Not a shadow, not even a mere flicker of light and darkness, crossed those windows of the Hag’s Head, where any persons inside might give me an indication that I was being watched, and yet, the instant I thought of this sinister possibility, I became convinced that there was someone there peering down at me. Surely, I thought, if it were Sir Nicholas who was watching me unseen in this fashion I should not be so frightened. Was it possible that someone else, or some
thing
else, was up on those top floors, waiting for me to blunder into the web?

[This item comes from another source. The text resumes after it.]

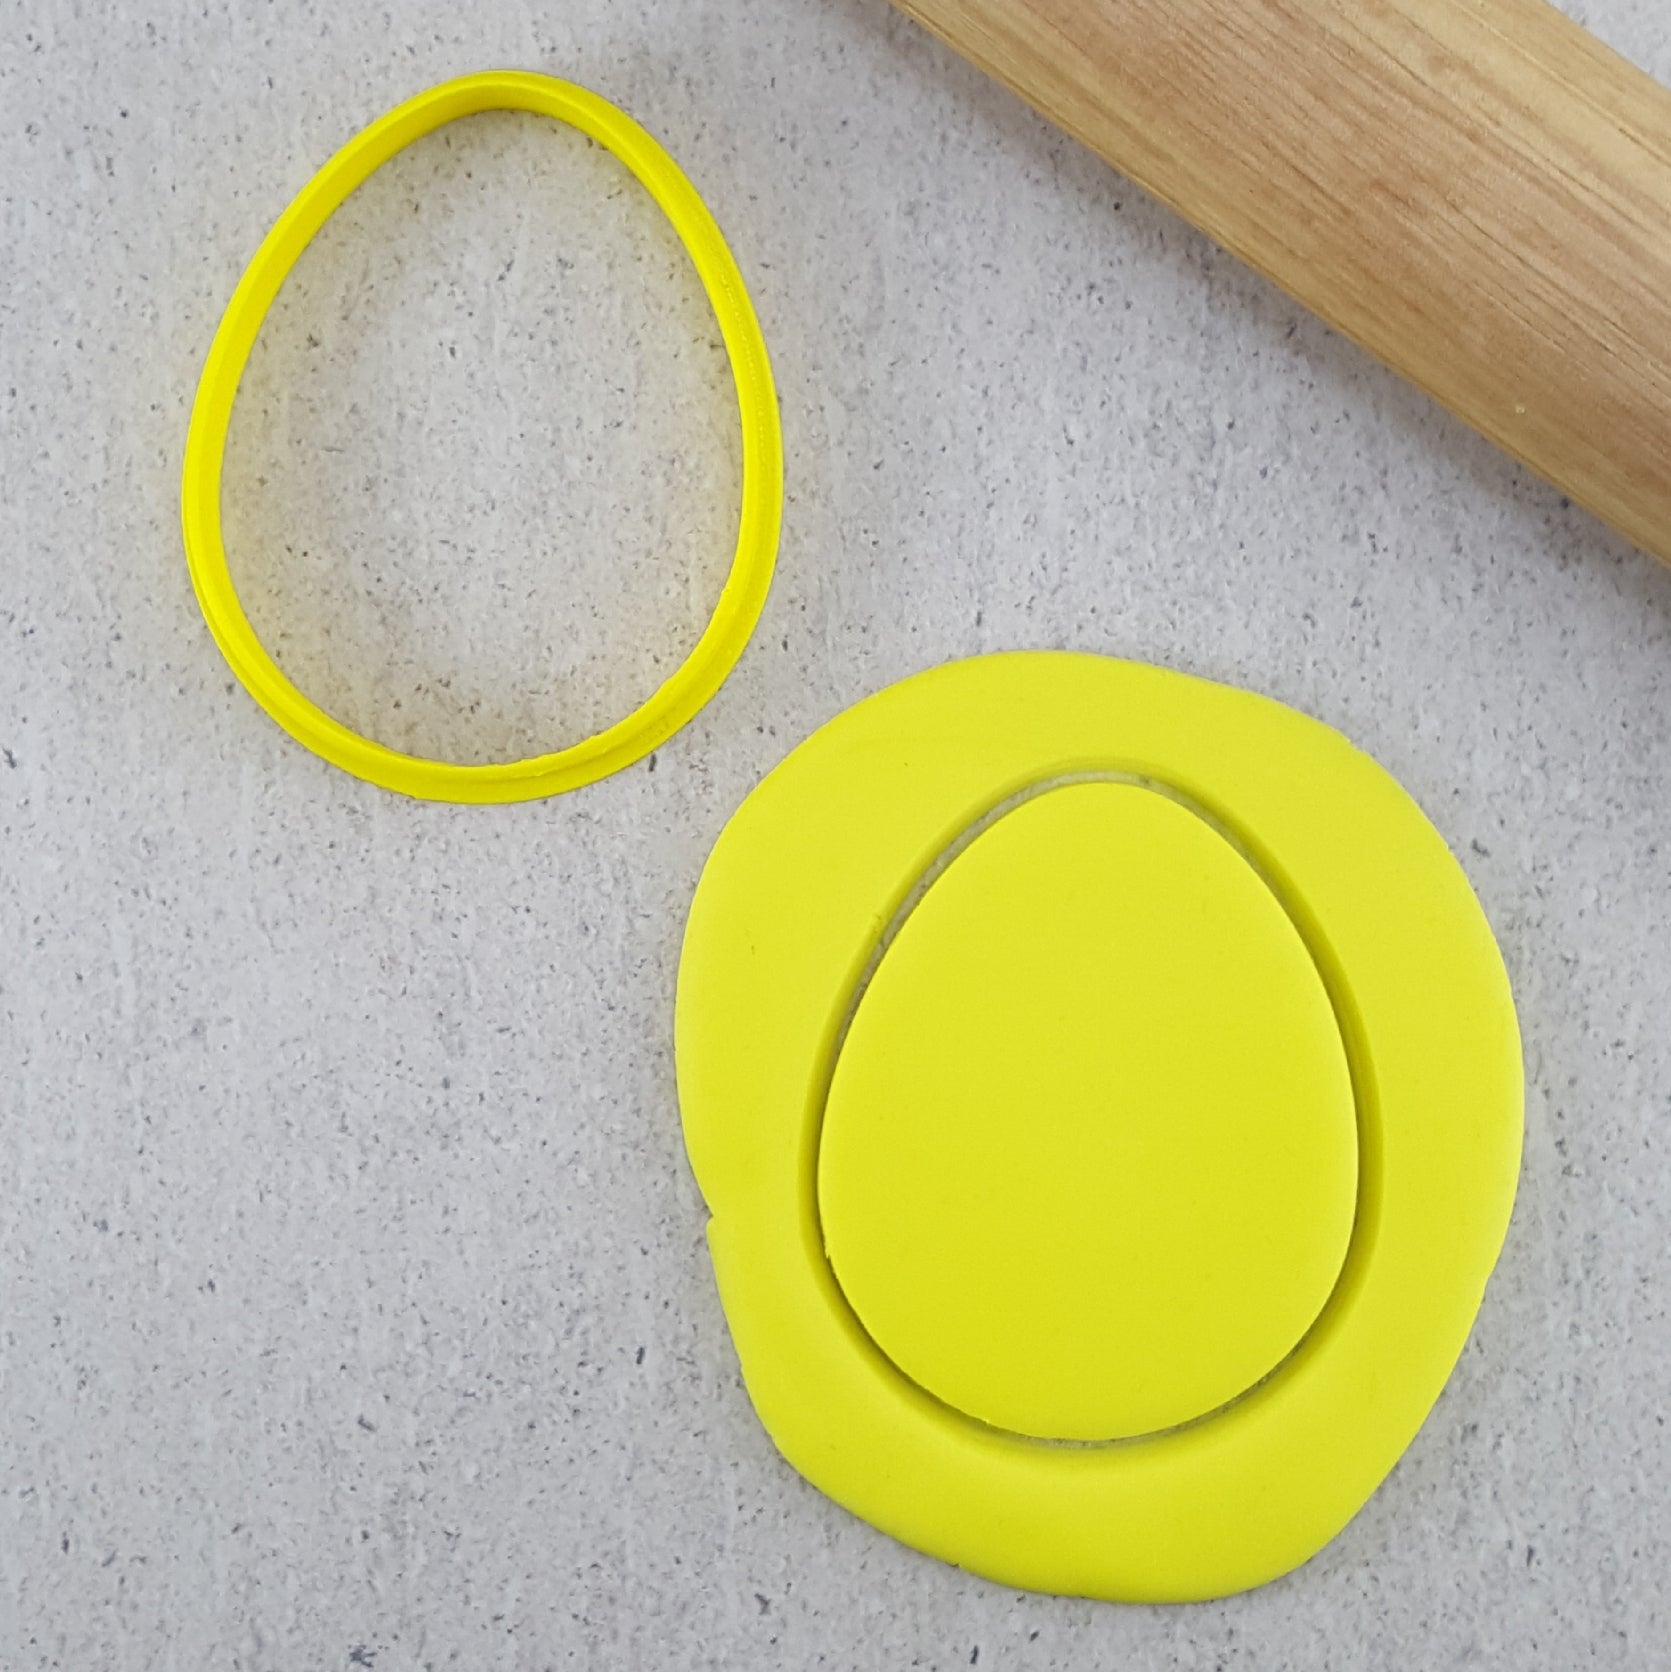 EGG 2.5INCH - 63mm PLASTIC COOKIE CUTTER

I took a deep breath, calmed myself, and slipped across the intervening space between the out-buildings and the scullery of the kitchen. I was not an instant too soon. I had scarcely reached the door, which stood ajar, before I heard someone approaching the door. Then Sir Nicholas appeared. There was nowhere to hide except behind the door, and I only prayed that he would not slam it shut, exposing me in my hiding-place. I was shocked at his face, of which I had caught a glimpse as he stepped out onto the path. His normal healthy pallor was accentuated by the darkness of his eyes. He looked exactly as he had when I first met him in this house—strange, forbidding and quite capable of terrifying me if he ever turned that look upon me.

He must have quarreled with Mrs. Sedley after all, and if so, why did we hear nothing from her?